Seven glycolytic enzymes, from PGI to PGK, were localized to the plastid (ID: 1–7) (Fig. 3). Furthermore, two pyruvate kinases (PKs) and pyruvate dehydrogenase E2 and E3 (PDH-E2-3 and LPD[E3]-2) were also targeted to the plastid (ID: 10 and 11), although phosphoglycerate mutase (PGAM, ID: 8) and enolase (ENO, ID: 9) were observed in the cytosol, not in the plastid. These findings are supported by the fact that two E1 subunits of PDH, alpha and beta, are encoded by the plastid genome in C. merolae. The Arabidopsis genome encodes three NADP+-dependent GAPDHs (GAPA1, GAPA2, and GAPB), which function as Calvin–Benson cycle enzymes and are localized to plastids (Muñoz-Bertomeu et al. 2009). In addition to these GAPDHs, Arabidopsis has two NAD+-dependent GAPDHs (GAPCp1 and 2) that are also localized to plastids (Muñoz-Bertomeu et al. 2009). The two GAPCps are mainly expressed in roots, where the enzymes play an important role in serine synthesis. In C. merolae, GAPC was localized to the cytosol, and therefore GAPA was the only plastid-localized GAPDH.
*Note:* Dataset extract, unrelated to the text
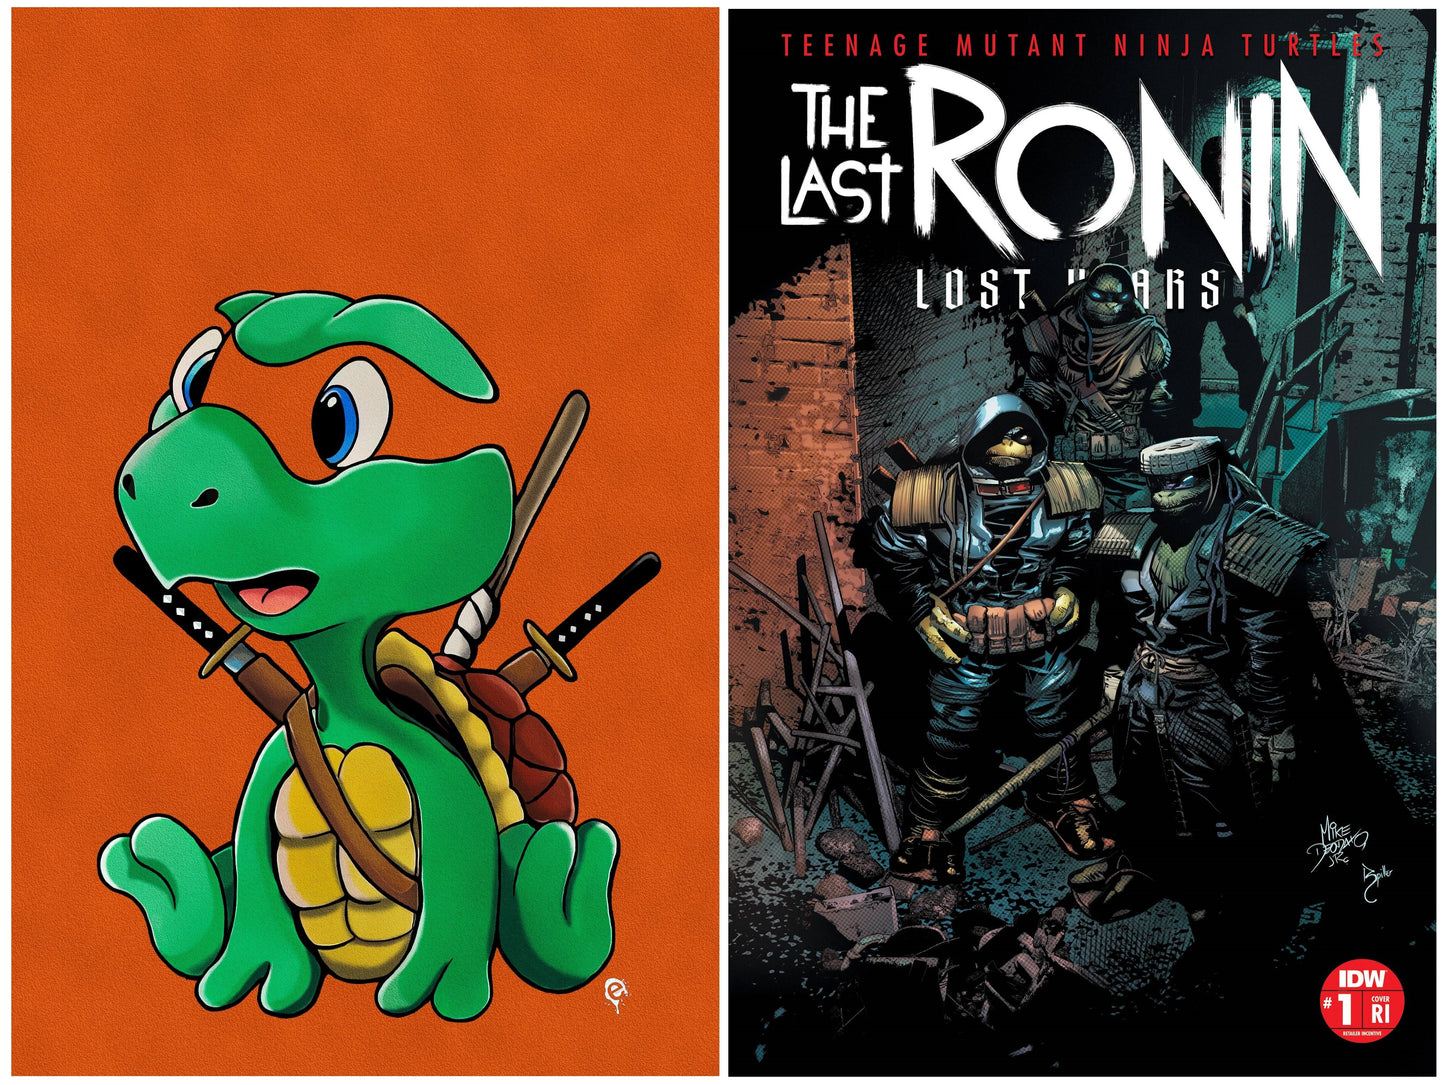 TMNT LAST RONIN LOST YEARS #1 ERIC HEARD NEGATIVE BABY VIRGIN VARIANT LIMITED TO 777 COPIES WITH NUMBERED COA + 1:25 VARIANT

oxPPP and Calvin–Benson cycle in C. merolae
Oxidative pentose phosphate pathways is an alternative pathway to glycolysis for the oxidation of glucose, but this pathway mainly leads to the generation of NADPH and pentoses, rather than ATP. C. merolae has two glucose-6-phosphate dehydrogenases (G6PDHs, ID: 12). Alignment analyses with G6PDH orthologs and computational modeling for subcellular localization predicted the plastid localization of the two C. merolae G6PDHs. Additionally, C. merolae encodes a single 6-phosphogluconolactonase (PGL, ID: 13) and ribose-5-phosphate isomerase (RPI, ID: 15), both of which are predicted to be localized to the plastid (Table 1). Therefore, we speculated that most components of the oxPPP in C. merolae exist in the plastid (Table 1; Fig. 1c left). However, localization analysis revealed that one G6PDH (G6PDH-1) was localized to the cytosol, but not to the plastid. PGL and RPI were dually localized to the plastid and the cytosol (Fig. 3). This indicates that the components of oxPPP in the cytosol of C. merolae are the same as those found in A. thaliana.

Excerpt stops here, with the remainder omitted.